You could put /dev/hda1 in your /etc/fstab and be confident it'd stay working, at least absent hardware changes.

IDE worked like that. Nothing after it does.

SATA appears to be simple: one port, one disk. But not so; it allows port multipliers. And it allows hot-swap. Still, absent hardware changes, you can actually still keep the mapping working.

USB is much worse. Not only does it allow hot swap, it is typical. People plug in USB flash drives all the time. Further, devices can take a while to probe—and can actually change whenever they feel like it (e.g., when turn on or off USB storage mode on your phone). Firewire is similar.
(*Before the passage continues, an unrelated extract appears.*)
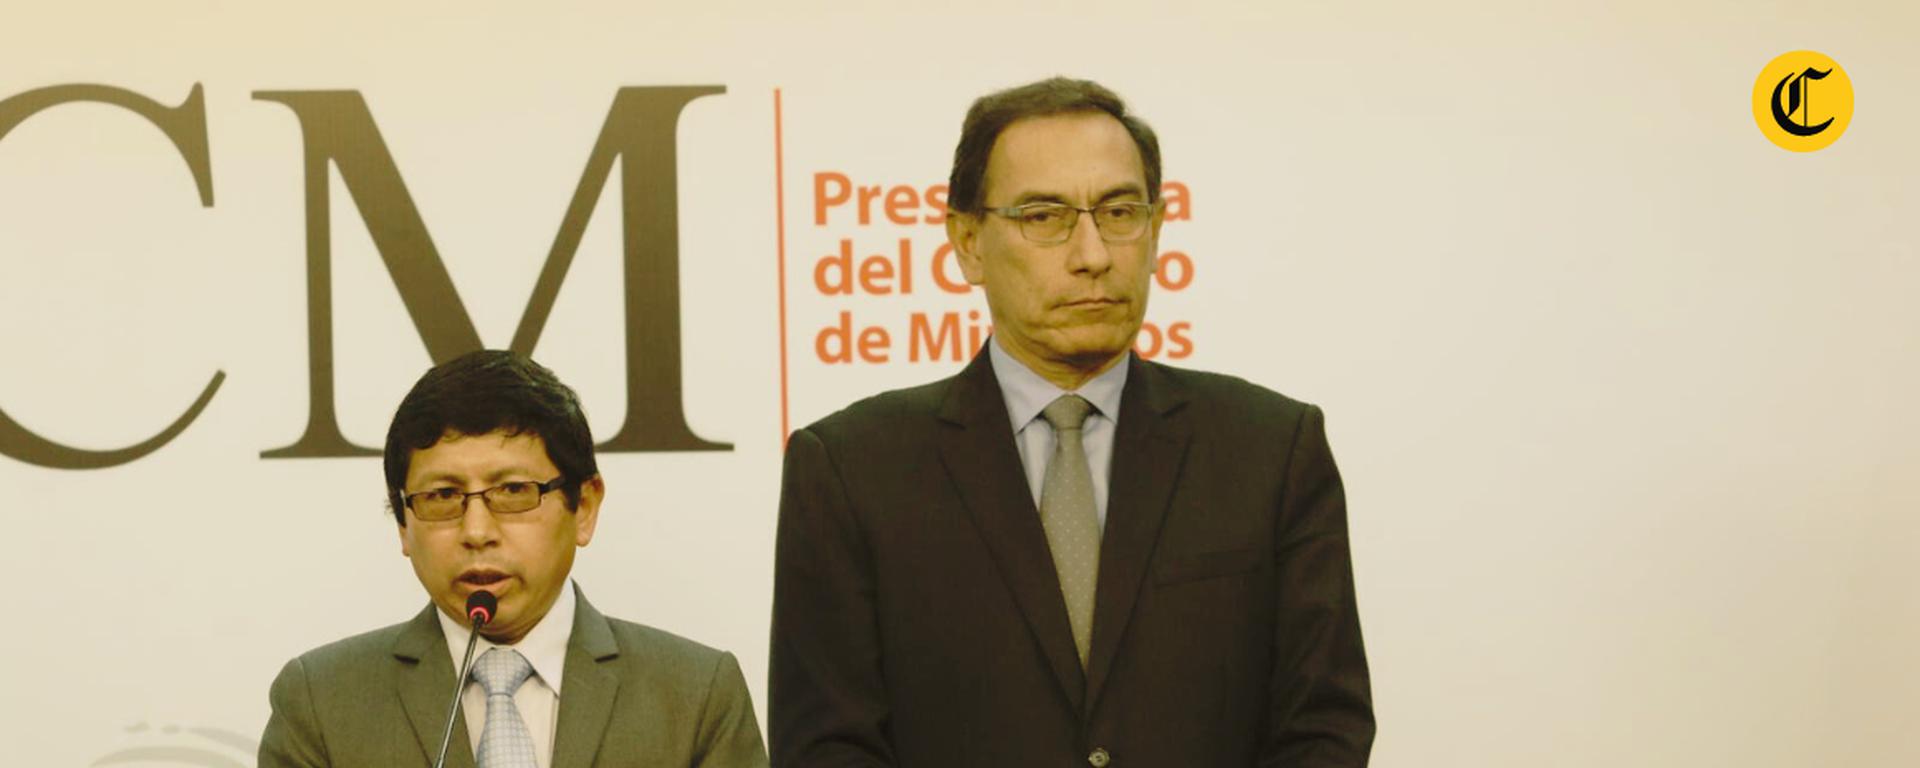 Martín Vizcarra: la historia sobre cómo controló sectores claves desde el gobierno de PPK con la ayuda de “Los moqueguanos” | INFORME

With neither can you really come up with a stable mapping.

Network attached disks don't have any inherent port order. The only order the kernel uses is order they appeared in. Same with logical volumes.

The quest for boot speed also made things worse. Originally, the kernel would happily sit around and wait fairly long amounts of time for, e.g., all USB devices to initialize. To fully probe all SCSI buses, etc. Those probes were made into background tasks; boot would no longer wait on them. The devices are added as the probes complete.

So the kernel was left with, more or less, "whatever order they show up in". This meant that many types of devices can and did change order every boot—what was on one boot /dev/sdb was on another boot /dev/sdc. This makes the idea of a static /dev a joke.

Summary

When you take the combination of static /dev becoming increasingly meaningless due to unpredictable device probe orders, and continuing to allocate static major/minor numbers leading to substantial work to not run out, it becomes clear why Linux's developers chose to switch to a dynamic /dev.


Good question.

In a way, this argument could be turned around: since kernel 2.6.13 introduced a new version of uevent, it was bound to happen that devfs would need to be re-written to take advantage of the interface's new features. So, in a way, the question ought to be why the change in the kernel.

However, taking it at face value, your question is answered in this Wikipedia's article:

Unlike traditional Unix systems, where the device nodes in the /dev directory have been a static set of files, the Linux udev device manager dynamically provides only the nodes for the devices actually present on a system. Although devfs used to provide similar functionality, Greg Kroah-Hartman cited a number of reasons for preferring its implementation over devfs:

1) udev supports persistent device naming, which does not depend on, for example, the order in which the devices are plugged into the system. The default udev setup provides persistent names for storage devices. Any hard disk is recognized by its unique filesystem id, the name of the disk and the physical location on the hardware it is connected to.

2) udev executes entirely in user space, as opposed to devfs' kernel space. One consequence is that udev moved the naming policy out of the kernel and can run arbitrary programs to compose a name for the device from the device's properties, before the node is created; there, the whole process is also interruptible and it runs with a lower priority.

I should probably add that with udev the possibility of a race condition, which basically undermined naming of devices in devfs and hotplug, is avoided. In other words: with devfs there was no way to ensure that your leftmost ethernet port would be called eth0 and its rightmost one eth1, making (as a pure example) the setting up of routers (one port to WAN, one port to LAN) difficult to implement.

The adoption of the disks' naming scheme based on GUID is another plus, and moving the whole process to user-space an even bigger one: have you searched through this site to see how many people write their own udev rules?

As a simple example of the advantages inherent in having udev in userspace, check either this question or this other question, both on this very site.